And here is an LSTM in PyTorch – for a full run through and the source code, visit Sequence Model Tutorials in the PyTorch Documentation.

# Source Code from Sequence Model Tutorials in PyTorch Documentation 
import torch
import torch.nn as nn
import torch.nn.functional as F
import torch.optim as optim

torch.manual_seed(1)

# Data preparation
def prepare_sequence(seq, to_ix):
    idxs = [to_ix[w] for w in seq]
    return torch.tensor(idxs, dtype=torch.long)


training_data = [
    # Tags are: DET - determiner; NN - noun; V - verb
    # For example, the word "The" is a determiner
    ("The dog ate the apple".split(), ["DET", "NN", "V", "DET", "NN"]),
    ("Everybody read that book".split(), ["NN", "V", "DET", "NN"])
]
word_to_ix = {}
# For each words-list (sentence) and tags-list in each tuple of training_data
for sent, tags in training_data:
    for word in sent:
        if word not in word_to_ix:  # word has not been assigned an index yet
            word_to_ix[word] = len(word_to_ix)  # Assign each word with a unique 
tag_to_ix = {"DET": 0, "NN": 1, "V": 2}  # Assign each tag with a unique index

# These will usually be more like 32 or 64 dimensional.
# We will keep them small, so we can see how the weights change as we train.
EMBEDDING_DIM = 6
HIDDEN_DIM = 6

# creating the model
class LSTMTagger(nn.Module):

    def __init__(self, embedding_dim, hidden_dim, vocab_size, tagset_size):
        super(LSTMTagger, self).__init__()
        self.hidden_dim = hidden_dim

        self.word_embeddings = nn.Embedding(vocab_size, embedding_dim)

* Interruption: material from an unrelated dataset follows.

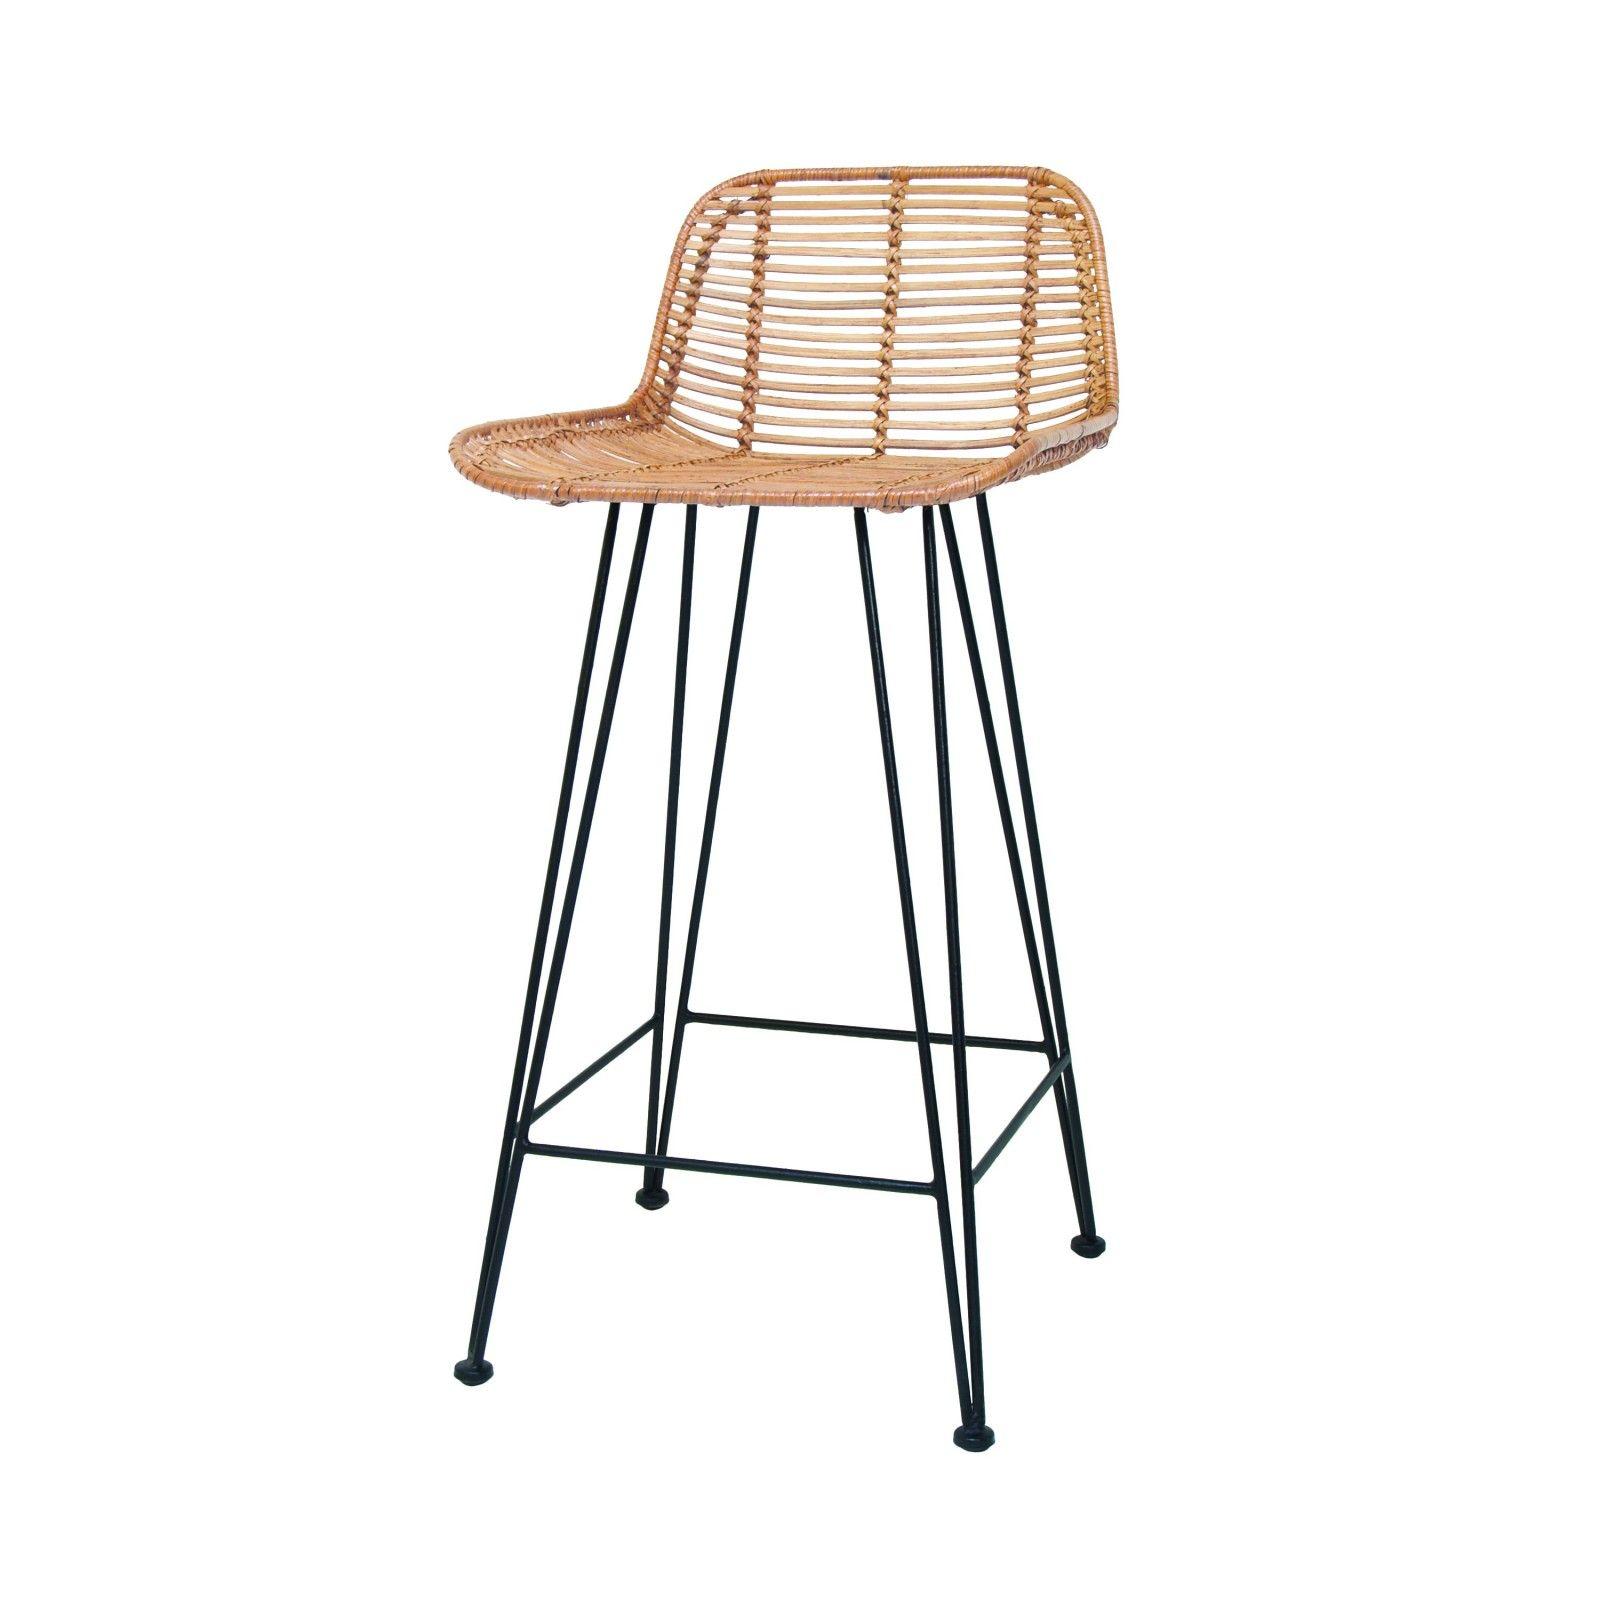 Barstuhl Rattan € 199 Inspiration Barhocker & stühle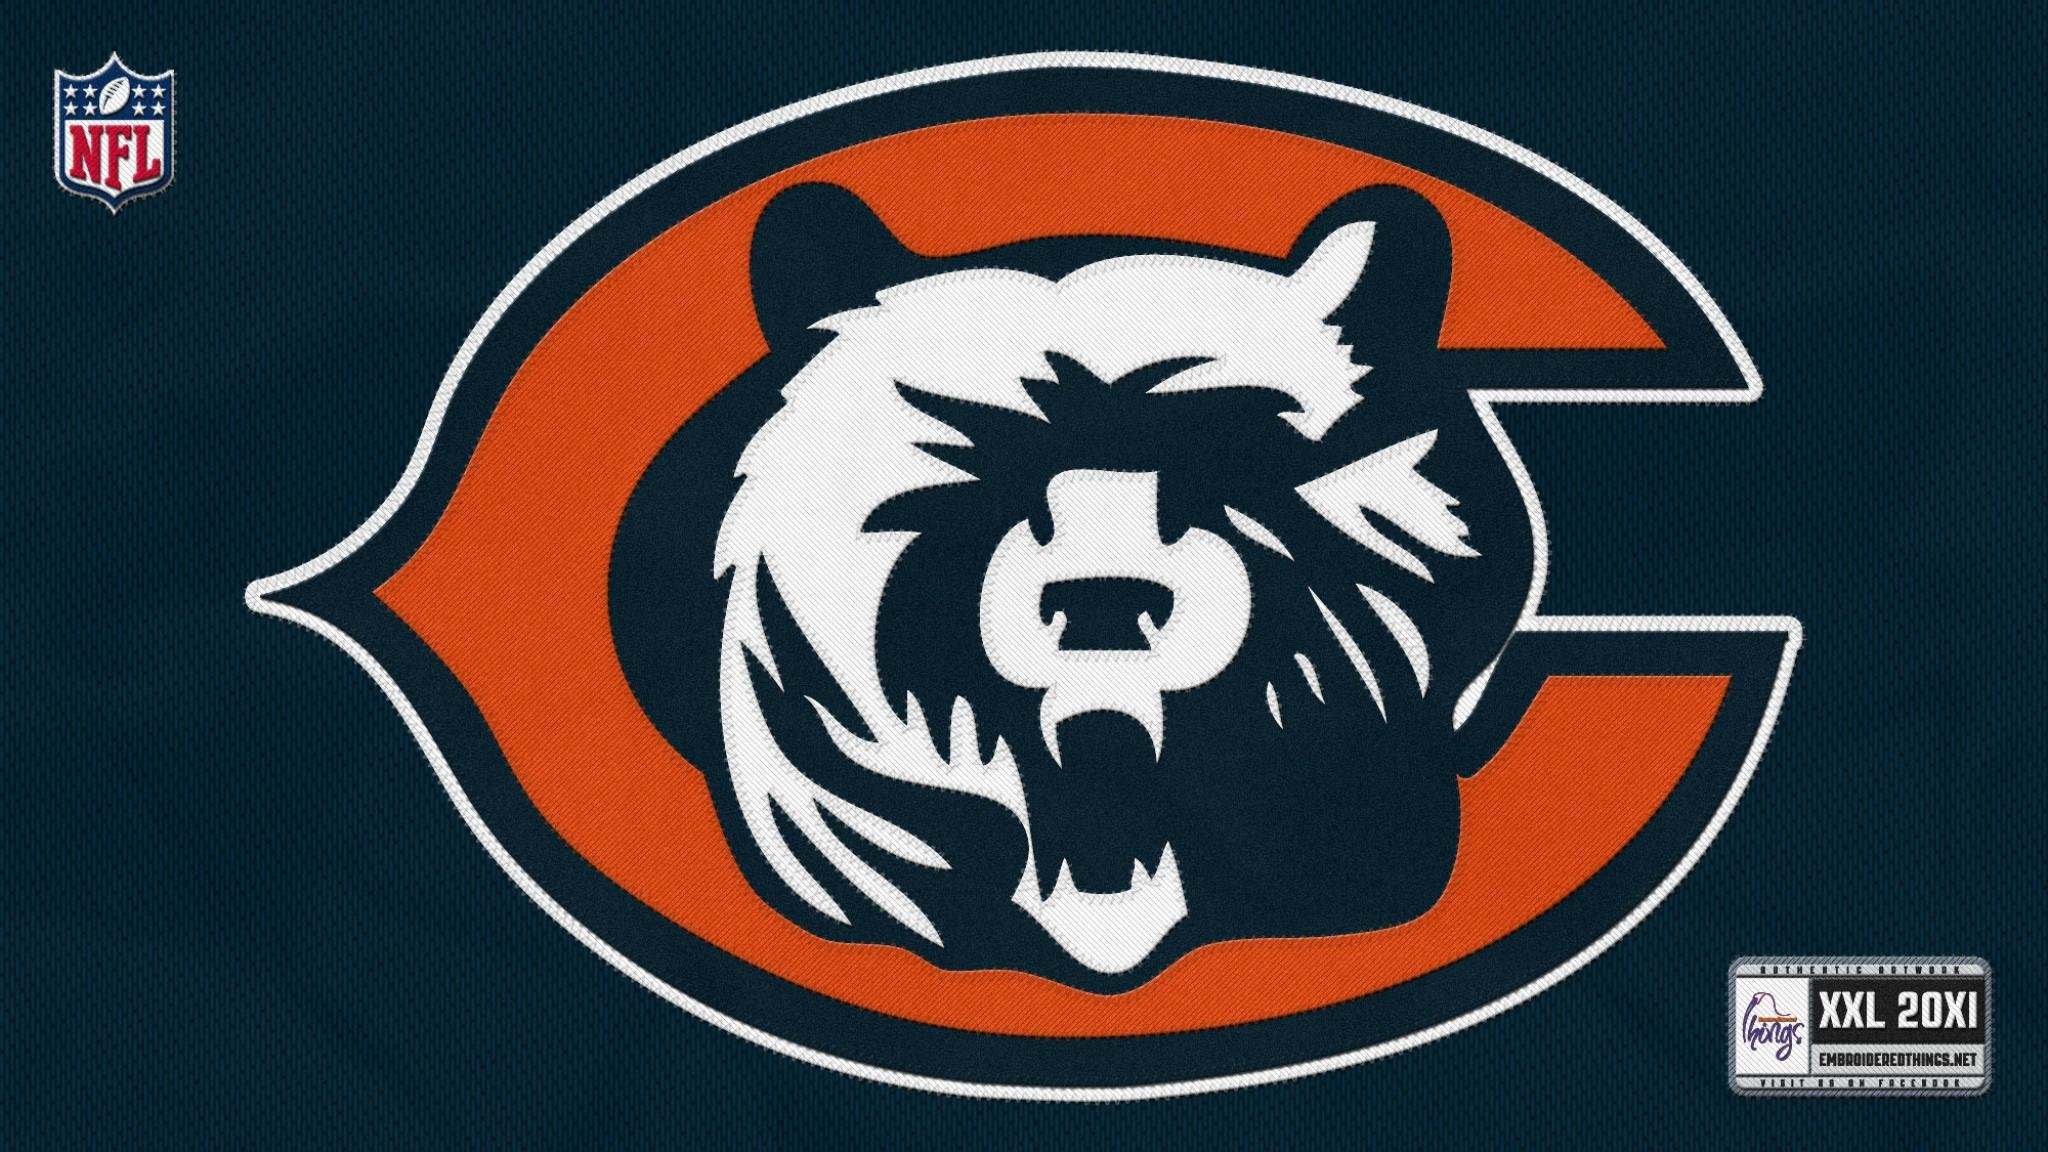 Chicago Bears wallpapers HD for desktop

        # The LSTM takes word embeddings as inputs, and outputs hidden states
        # with dimensionality hidden_dim.
        self.lstm = nn.LSTM(embedding_dim, hidden_dim)

        # The linear layer that maps from hidden state space to tag space
        self.hidden2tag = nn.Linear(hidden_dim, tagset_size)

    def forward(self, sentence):
        embeds = self.word_embeddings(sentence)
        lstm_out, _ = self.lstm(embeds.view(len(sentence), 1, -1))
        tag_space = self.hidden2tag(lstm_out.view(len(sentence), -1))
        tag_scores = F.log_softmax(tag_space, dim=1)
        return tag_scores

# training the model 
model = LSTMTagger(EMBEDDING_DIM, HIDDEN_DIM, len(word_to_ix), len(tag_to_ix))
loss_function = nn.NLLLoss()
optimizer = optim.SGD(model.parameters(), lr=0.1)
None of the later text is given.